Refinanciar sin convertir el alivio en mora
La estrategia adoptada por Misiones busca evitar un efecto secundario: que una reducción unilateral de las cuotas termine transformando al trabajador en moroso dentro del sistema financiero.
La explicación oficial es que reducir de oficio una cuota ya pactada podría provocar el incumplimiento del contrato original y generar un registro de mora ante las entidades financieras. Por eso, la Provincia optó por analizar las situaciones individualmente y promover refinanciaciones que permitan reducir la cuota mensual sin interrumpir formalmente el pago.
En paralelo, Banco Macro comenzó a ofrecer mecanismos de refinanciación para clientes con sobreendeudamiento o mora. Según la información difundida por Hacienda, cada situación debe ser evaluada individualmente y el interesado debe gestionar el trámite ante la entidad.
La Provincia ya había utilizado este tipo de herramientas durante 2026. En mayo extendió, junto con Banco Macro, un programa de refinanciación de tarjetas de crédito y préstamos personales con tasa bonificada para trabajadores públicos provinciales y municipales, además de jubilados, pensionados y retirados provinciales con deudas que acumulaban más de 31 días de mora.
El nuevo esquema, por lo tanto, no constituye una medida aislada. Es una sucesión de intervenciones sobre el sistema de crédito vinculado a los haberes públicos: primero se estableció un límite al porcentaje del salario que puede quedar comprometido; luego se incorporaron al tope operaciones que estaban fuera del régimen general; se habilitaron refinanciaciones para los casos que ya excedían el límite y ahora se prepara una regulación sobre las tasas.

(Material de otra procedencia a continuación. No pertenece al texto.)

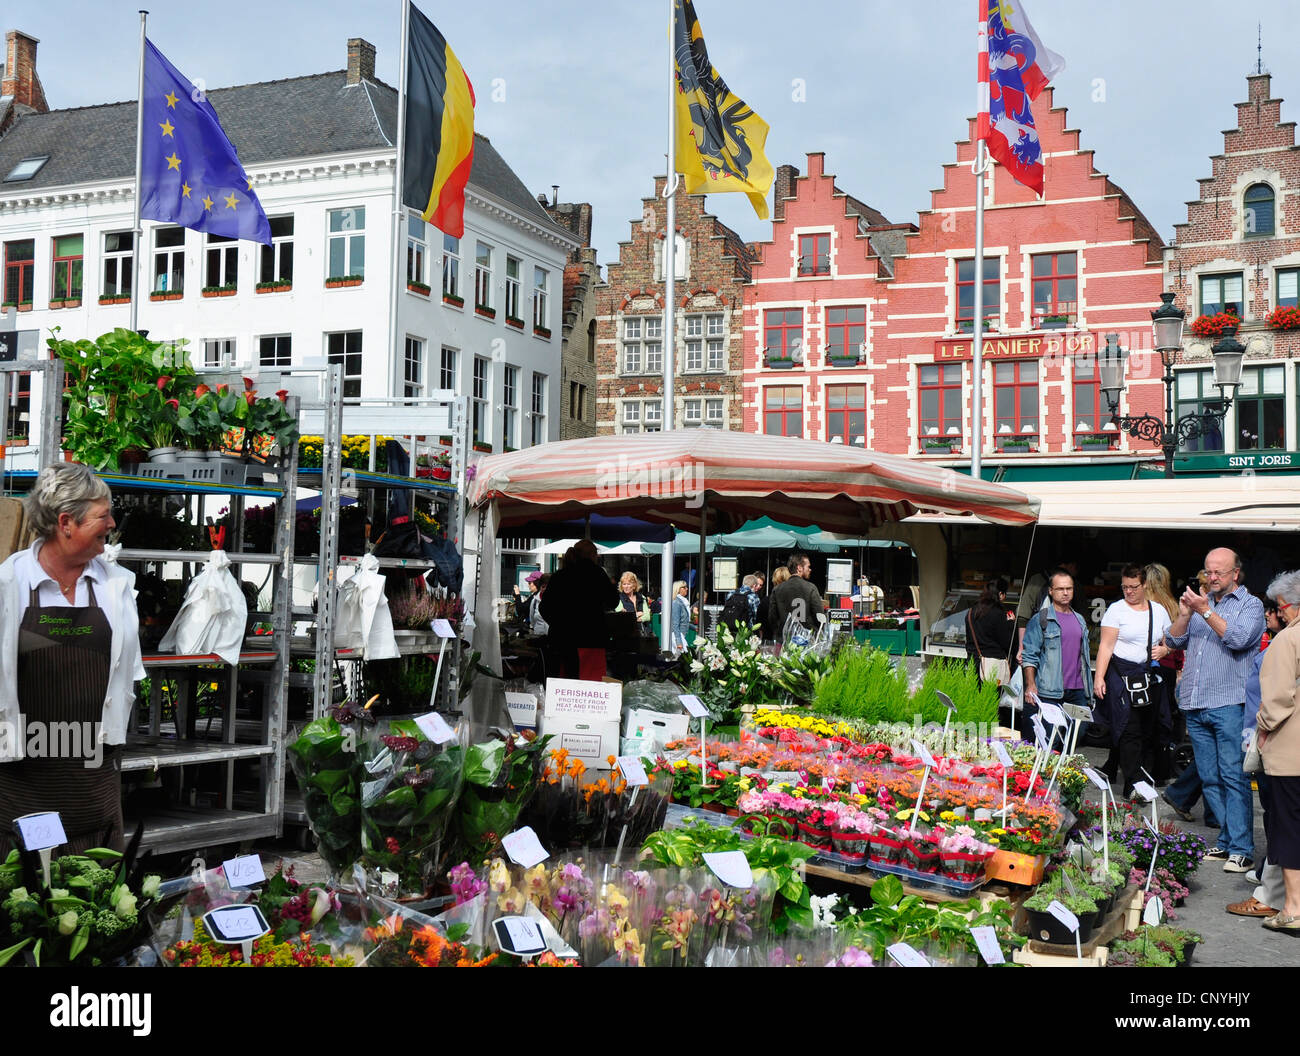 Belgio - Bruges - Piazza del Mercato - fiori colorati e bancarelle di frutta e verdura - luce del sole - Blu cielo Foto Stock

Un problema que también llegó a la Legislatura
El sobreendeudamiento comenzó además a ingresar en la agenda legislativa provincial. El propio Gobierno reconoció que existen proyectos en tratamiento destinados a abordar el problema y planteó que cualquier regulación deberá compatibilizarse con la normativa nacional.
Ese punto será determinante. La Provincia puede regular el sistema de descuentos sobre los haberes de sus agentes y establecer condiciones para los mecanismos que administra, pero la actividad financiera está atravesada por normas nacionales y por la regulación del Banco Central. El desafío legislativo será definir hasta dónde puede avanzar la protección del ingreso sin producir efectos contraproducentes sobre el acceso al crédito.
La discusión tiene una dimensión que excede a Misiones. El dato de mora familiar informado por el BCRA muestra que el endeudamiento de los hogares se convirtió en una cuestión relevante para el sistema financiero argentino. La Provincia interviene sobre un segmento específico —trabajadores estatales y pasivos provinciales—, pero lo hace sobre un problema que tiene raíces en la relación entre ingresos, costo del crédito y capacidad de pago de las familias.
En Misiones, la próxima resolución de Hacienda permitirá conocer hasta dónde llegará esa intervención. El límite del 39% ya establece cuánto del haber neto puede quedar comprometido mediante descuentos. El nuevo paso será determinar cuánto podrá costar el crédito que genera esas cuotas.
Ahí estará la diferencia entre contener una situación de sobreendeudamiento ya instalada y modificar las condiciones que permiten que vuelva a producirse.